While many experts claim that “retail is dead,” the retail industry is evolving with the times into a new model that promises bigger and better things for consumers and businesses alike. These retail statistics show that the industry is as strong as ever, pointing to a great future ahead.
1. Globally, retail sales are expected to top 26.29 trillion by the end of 2019
This number reflects a combination of brick-and-mortar, direct-to-consumer, and ecommerce sales globally. Forbes predicts that several trends will drive health retail sales in 2019. These trends include companies increasingly engaging consumers outside of the normal channels, brands dominating the retail space ― and consumer mindset ― and experiential retail.
2. In the United States alone, retail accounts for $2.6 trillion in sales
The U.S. loves its retail stores. American spend $2.6 trillion annually on retail purchases. The sector employs 42 million people nationwide. These individuals work in small “mom-and-pop” stores as well as large department stores.
3. Retail and food services in the U.S. accounted for $513 billion in November 2018
Retail sales surged at the end of 2018 in anticipation of the holiday season, but they were also up 4% from the previous year. A robust economy, optimistic attitude towards the future, and strong unemployment figures added to the overall positive numbers.

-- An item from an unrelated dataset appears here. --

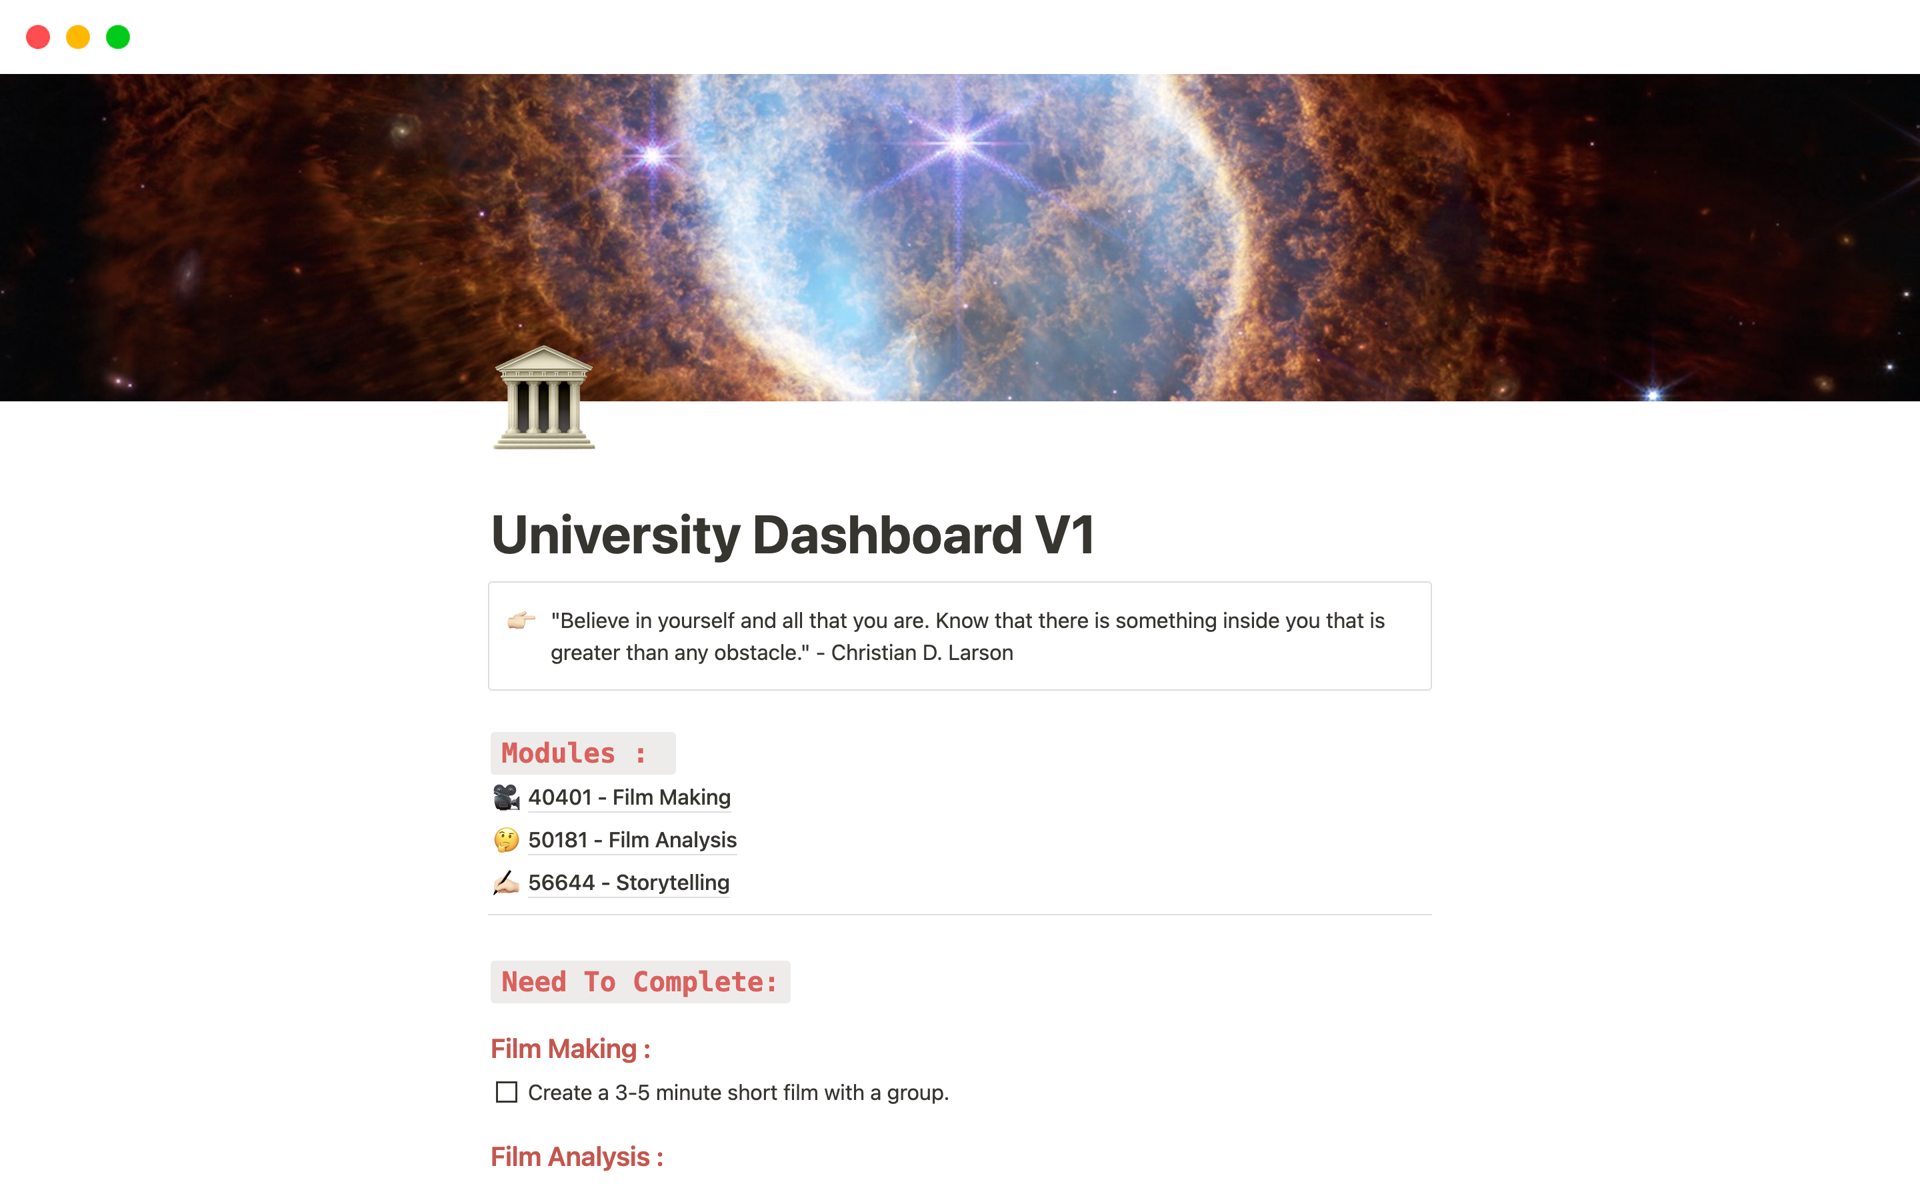 Aperçu du modèle de University Dashboard V1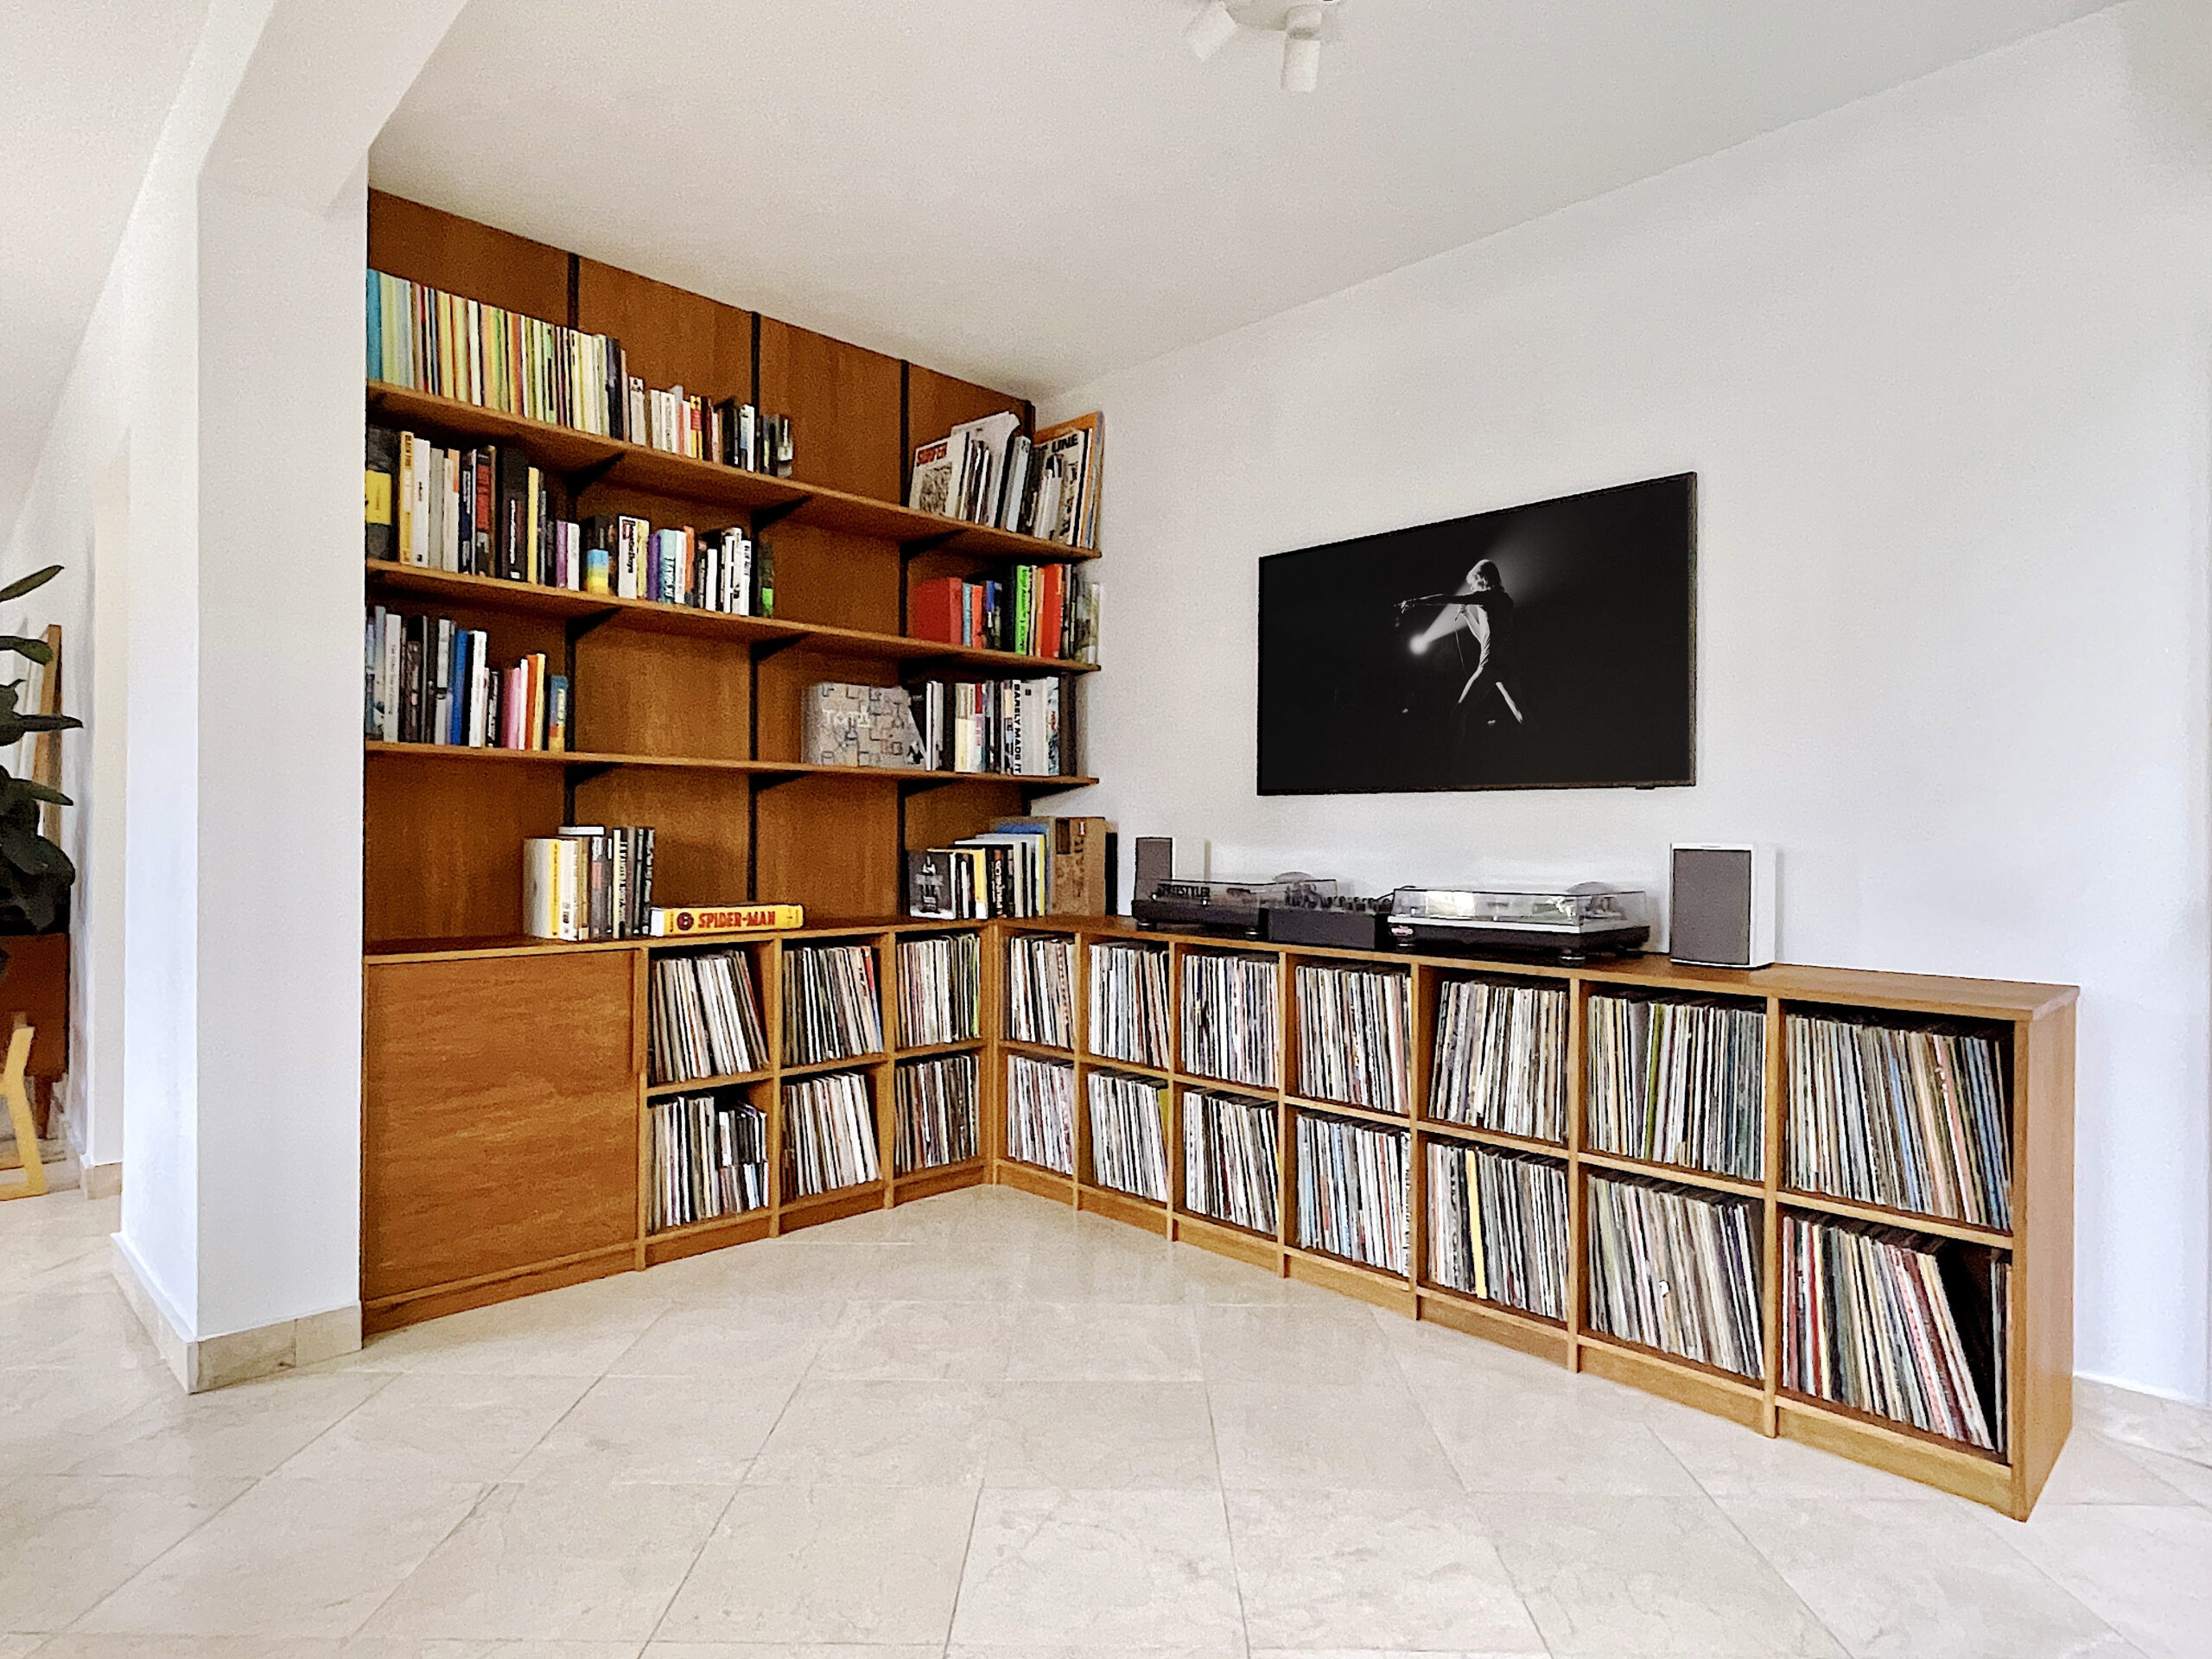 bibliothèque et rangements à vinyl sur mesure en bois à Seignosse, landes pays basque

4. 54% of retailers believe that customer experience should be their focus
Customer experience refers to brand perception. As an increasingly homogenous supply of goods vies for customers’ dollars, retailers turn to brand experience as the method by which they can set themselves apart. The recent Payless ShoeSource brand experiment, in which the discount footwear retailer set up an elaborate and elegantly branded store and marked up its discounted shoes accordingly demonstrates the power of brand perception in the retail environment. When the same shoes are on display in Payless, they retail for $39; in the false high-end experimental store, they retailed for $400. Perception is everything in the competitive world of retail.
5. 67% of Millennials and 56% of Gen Xers consumers prefer to shop online
How to win them over to brick-and-mortar shopping? We’re back to customer experience and branding. Generation X consumers tend to be more brand loyal than millennials, so consider this as part of your retail branding strategy.
6. 52.8% of Americans visit Walmart in one month
Walmart’s net sales of $482 billion are bigger than the gross domestic product (GDP) of some nations. Walmart may be synonymous with discounts and bargains on everything from toilet paper to tempeh, but keep in mind that it began as a humble Benton, Arkansas, five-and-dime. There’s hope for all small retailers out there.
7. 89% of consumers shop at bargain-driven retailers
Americans really do love a bargain. The majority of Americans regardless of demographic shop at bargain or discount stores, with 89% stating an intention to shop bargain retail. Generation Z loves a good deal, with 93% shopping at bargain retail. Millennials are next, with one in three frequenting a bargain store.
8. For every $100 spent at a local small business, roughly $68 stays in town
It pays to shop locally. For every $100 you spend at the local retail store, about $68 of that stays in town in the form of salaries to locally employed folks, locally sourced goods and more. Instead of driving to the mall, walk to the local boutique to find something special.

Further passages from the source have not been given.